Personal and Political: How the Illinois Domestic Workers’ Bill of Rights Connected Lives
Many domestic workers lack basic labor and employment protections in the United States. One of the main reasons domestic work remains unregulated by government lies in cultural and social perceptions of the so-called private “domestic sphere” and the more public “economic sphere” where work prevails. These perceptions, termed by sociologists as “separate spheres” and “hostile worlds,” assert that the domestic and economic spheres operate under different and conflicting values, emotions, and norms. In the former, care norms and love structure relationships, while in the latter actors are motivated by rationality and profit. Government would corrupt the domestic sphere if it subjected it to the rules of the economy.

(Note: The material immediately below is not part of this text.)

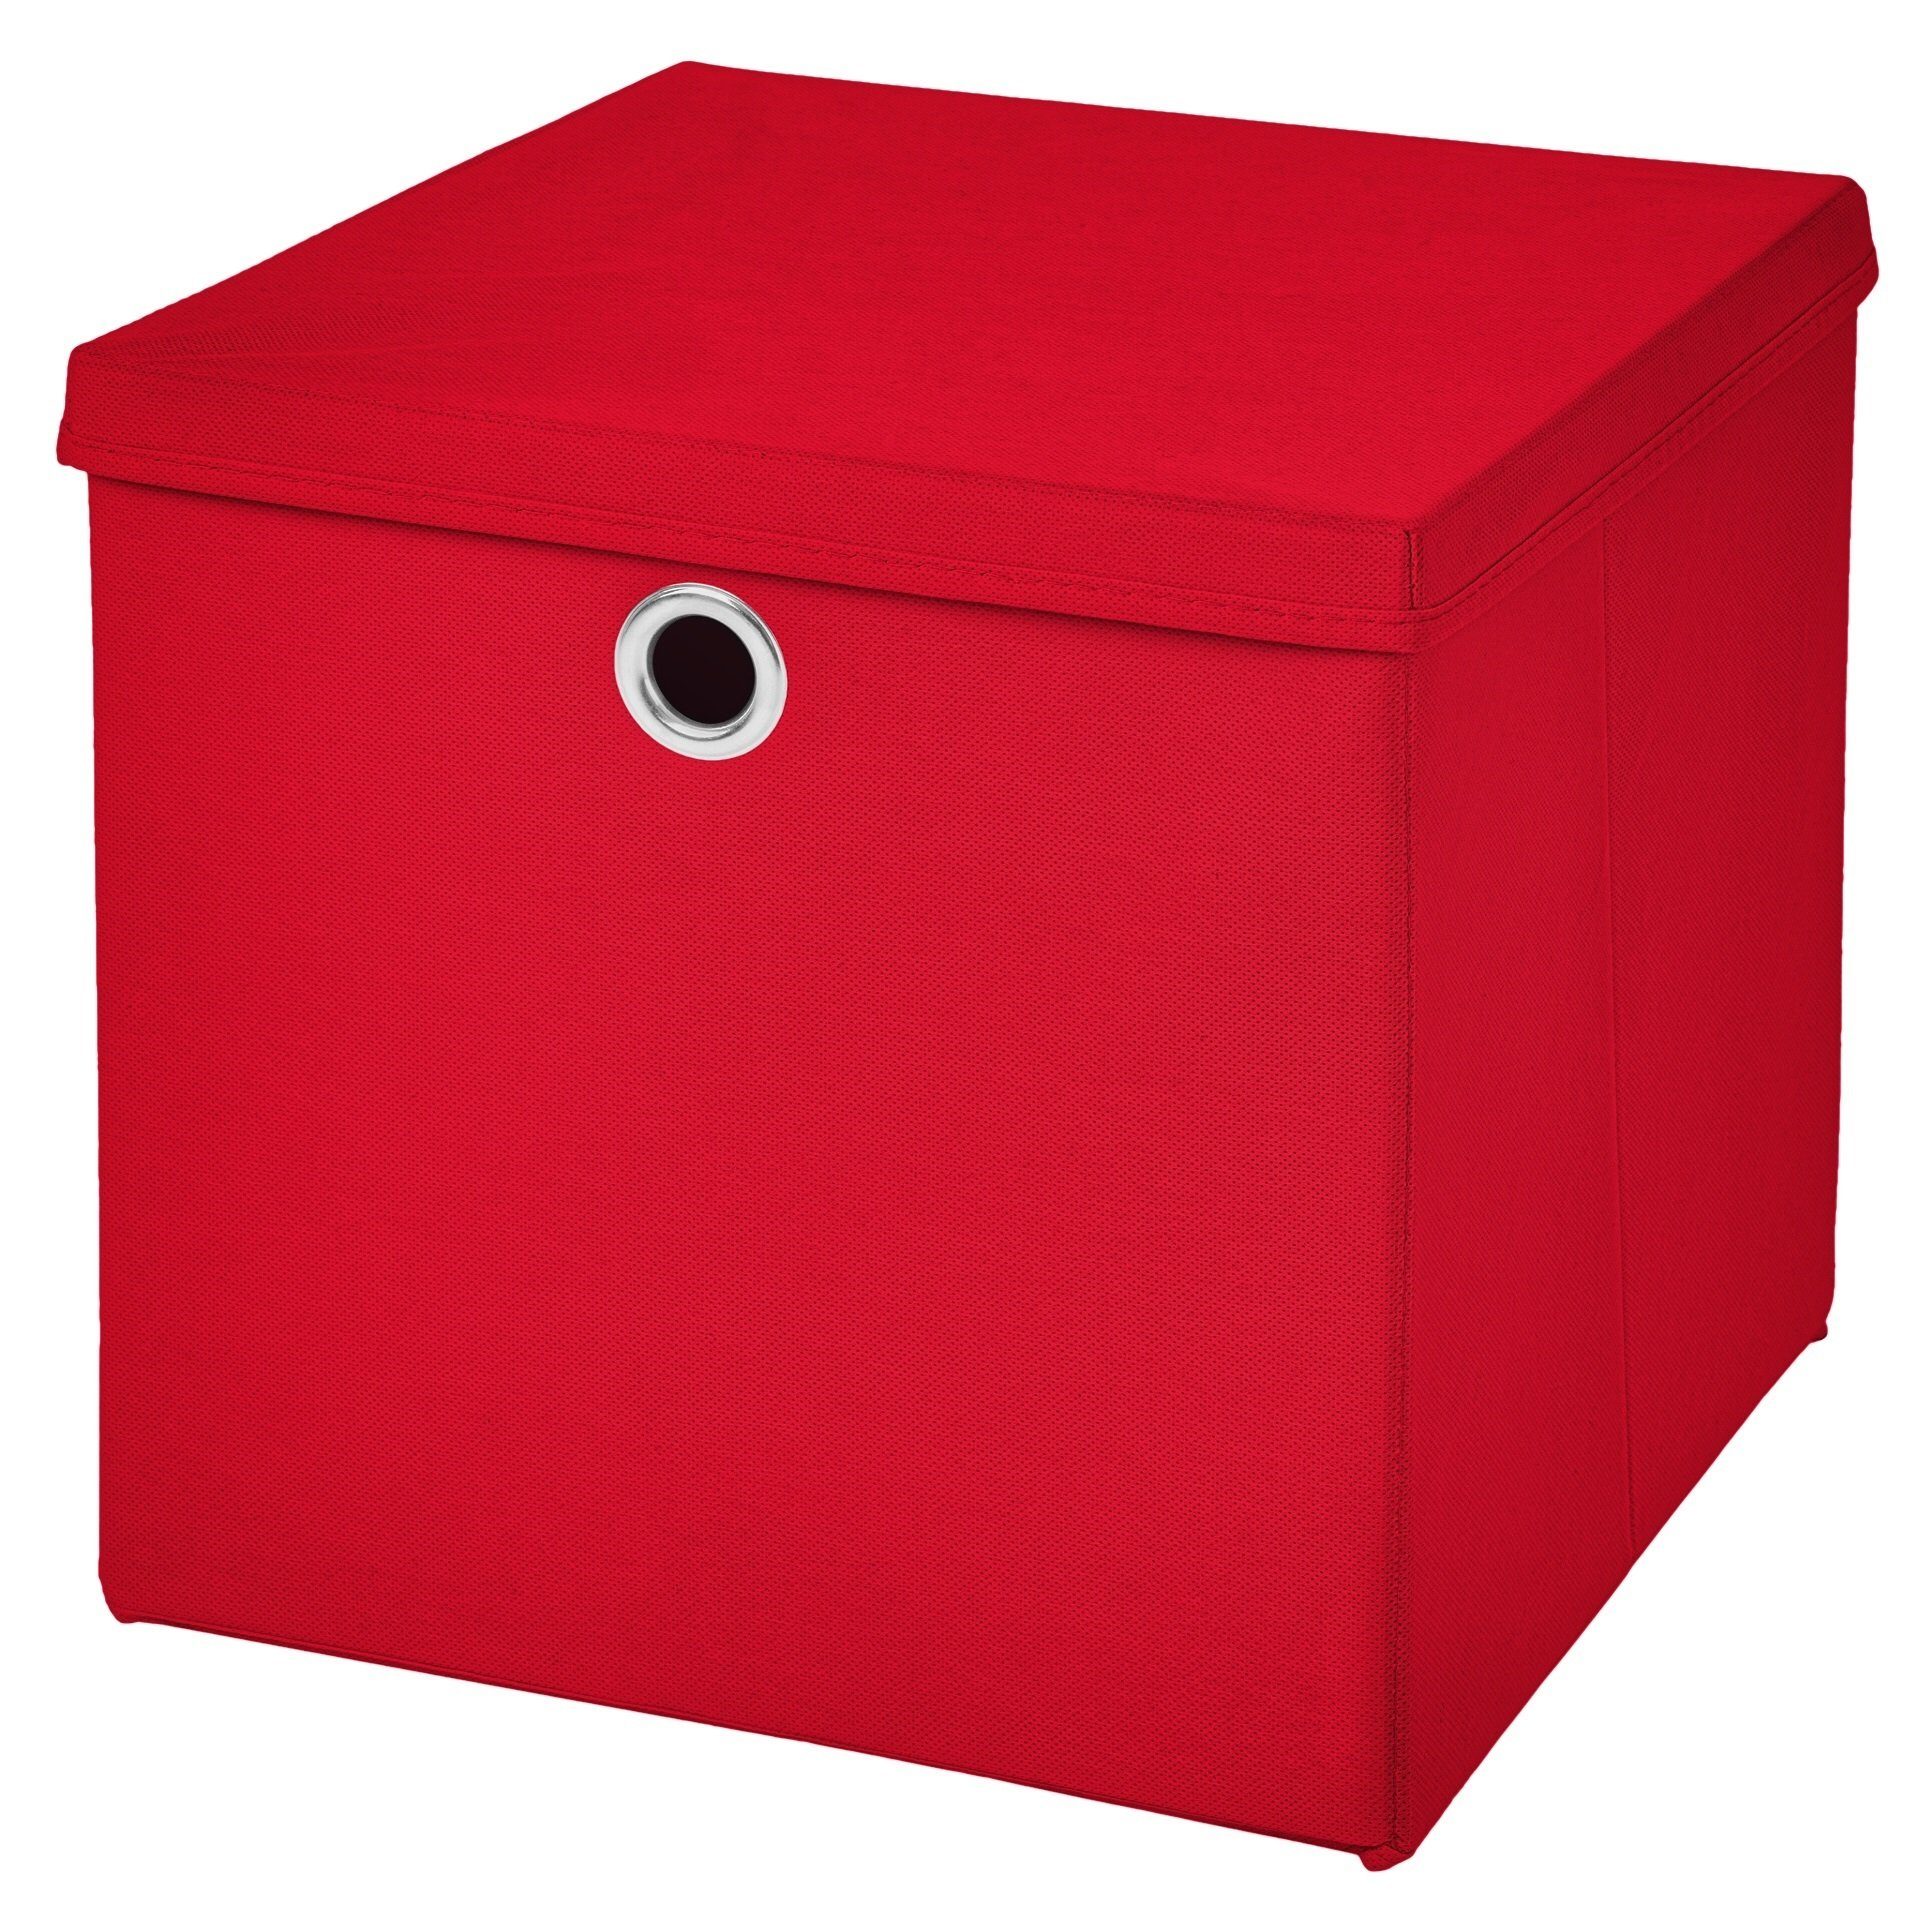 StickandShine Faltbox Faltboxen Aufbewahrungsboxen in 15x15 / 25x25 / 28x28 / 30x30 / 32x32 sowie 33x33 cm zur Wahl in verschiedenen Farben

This Essay describes how domestic work activists overcame separate spheres and hostile worlds perspectives in Illinois in 2016 when they prevailed at the legislature to obtain a Domestic Workers’ Bill of Rights. To get the bill passed, activists, much in the feminist tradition of combining the “personal” with the “political,” descended in the Illinois state capital with scores of domestic workers to personally educate legislators about what it meant to work in someone else’s home. In including personal stories in their politics, the activists were able to persuade legislators that keeping domestic work paired exclusively to private regulation was a bad idea — what sociologists consider a “bad match” — because the intimate nature of domestic work places some domestic workers in vulnerable situations conducive to workplace abuse. Public regulation was thus a “good match.” Activists also requested that legislators enact special protections just for domestic workers. They wanted legislators to recognize that domestic work was also “unlike any other work.” They were less successful in getting those special protections passed. Hence, the 2016 bill was only a partial success, but a success it still was. The Essay concludes by asserting that good and bad matching concepts, and the related “connected lives” perspective, can help advocates, including lawyers, understand their meaning-making roles as they pursue justice and fairness.